While Jugurtha was occupied with these preparations, Metellus was seen descending the mountain with his army, unaware of the presence of the Numidian forces. At first, he was puzzled by the strange appearance of the area; the cavalry and the Numidians had taken their positions among the bushes, and due to the low height of the trees, they were not entirely hidden, yet it was difficult to distinguish them, as both their bodies and military standards were camouflaged, whether by design or by the nature of their position. However, he soon discovered the ambush and ordered a brief halt. He then changed his formation on the right flank, which was closest to the enemy, and drew up his line with a triple reserve, distributed accordingly.
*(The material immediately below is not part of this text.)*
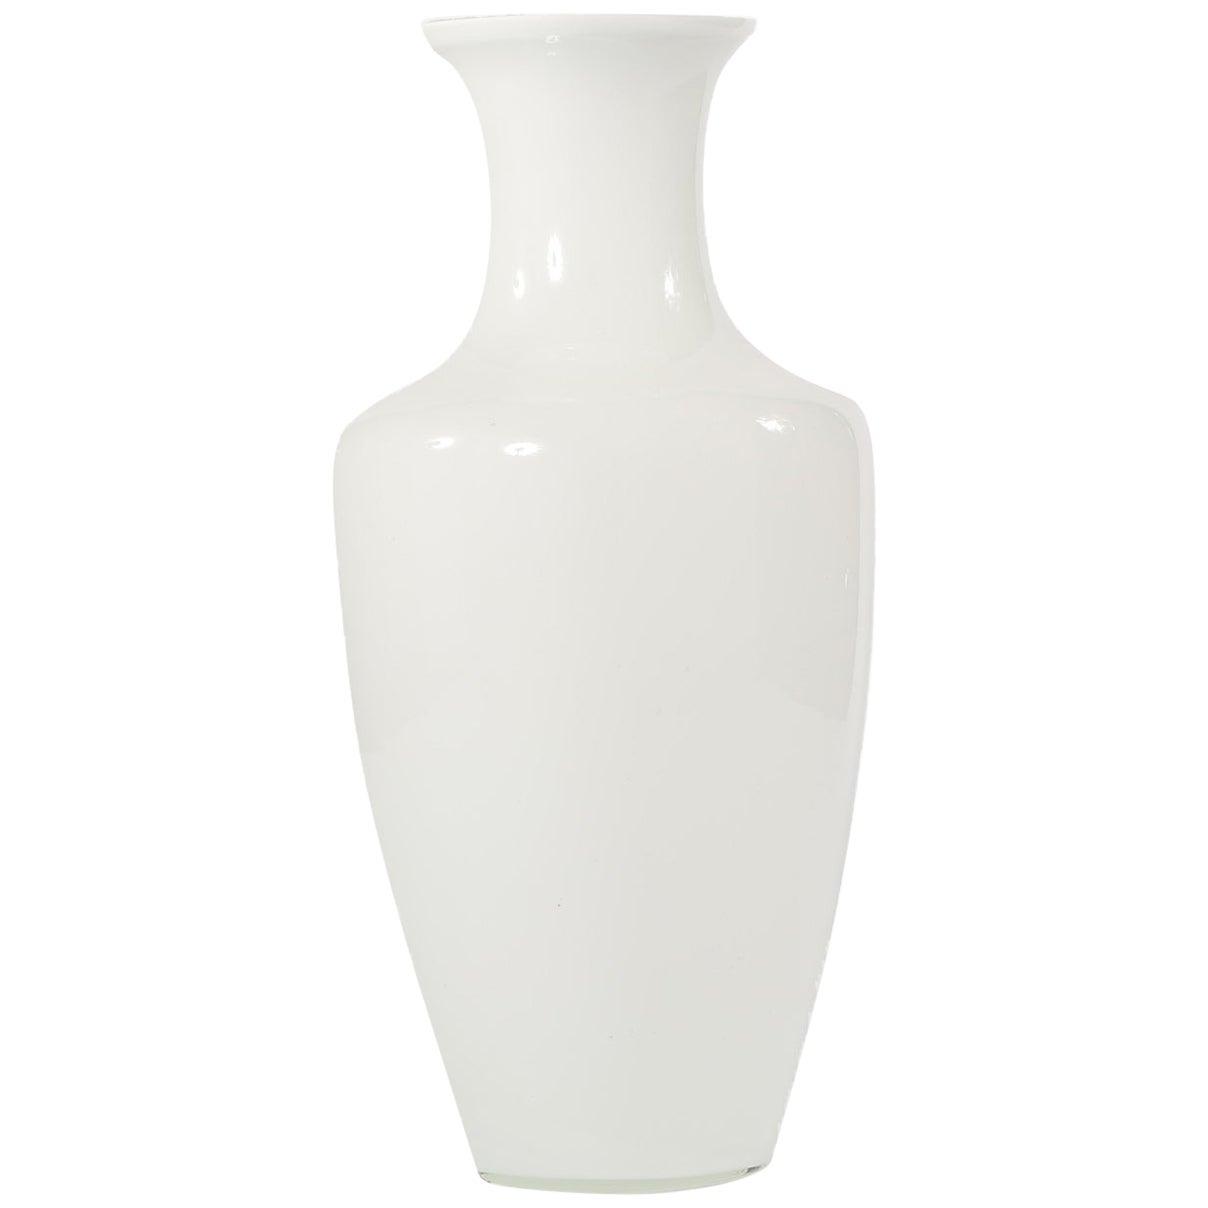 Large 20th Century Glass Floor Vase / Umbrella Stand
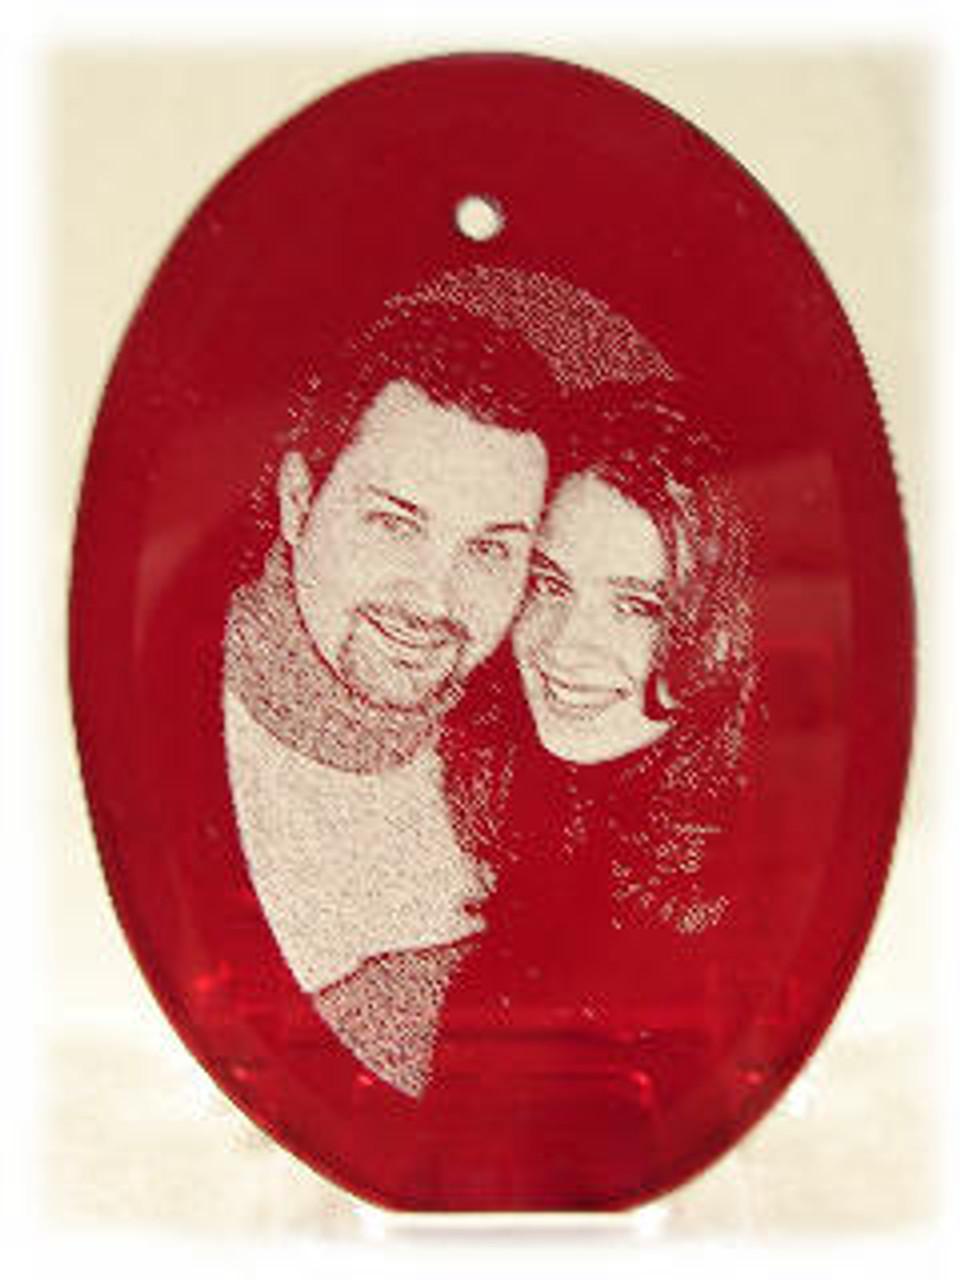 Red Crystal Beveled Oval Shape Ornament with Velvet Bag

Metellus distributed the slingers and archers among the cohorts, and placed all his cavalry on the flanks. After a few words of encouragement appropriate for his soldiers, he led his forces in their new formation, with the front ranks at a right angle to the line of march, descending to the level ground. Observing that the Numidians remained stationary and did not come down the hill, and fearing that in that season, given the scarcity of water, his army would be exhausted by thirst, he sent ahead his lieutenant, Publius Rutilius Rufus, with some light cohorts and a detachment of the cavalry toward the river, to secure a position for establishing a camp. He anticipated that the enemy would impede his advance with frequent attacks and flank maneuvers, attempting to see if the fatigue and thirst of his soldiers would work to their advantage. He then made a gradual advance, as far as his means and circumstances permitted, in the same order in which he had descended the hill. Marius was in the rear, commanding the troops facing the enemy, while he himself was with the cavalry on the left flank, which, in the new order of march, had become the vanguard.

== Battle ==
As soon as the king Jugurtha noticed that the rear of Metellus’s army had passed his front ranks, he moved quickly to occupy the hill from which the Romans had descended, deploying a force of about 2,000 soldiers to cut off their line of retreat and prevent the adversaries from later using the site as a stronghold. Following this, Jugurtha gave the signal for a surprise attack, and the Numidian forces surged toward the Roman army; some Numidian detachments severed the Roman rear lines, while others launched assaults from both flanks, effectively surrounding the Roman army and pressuring it from all sides.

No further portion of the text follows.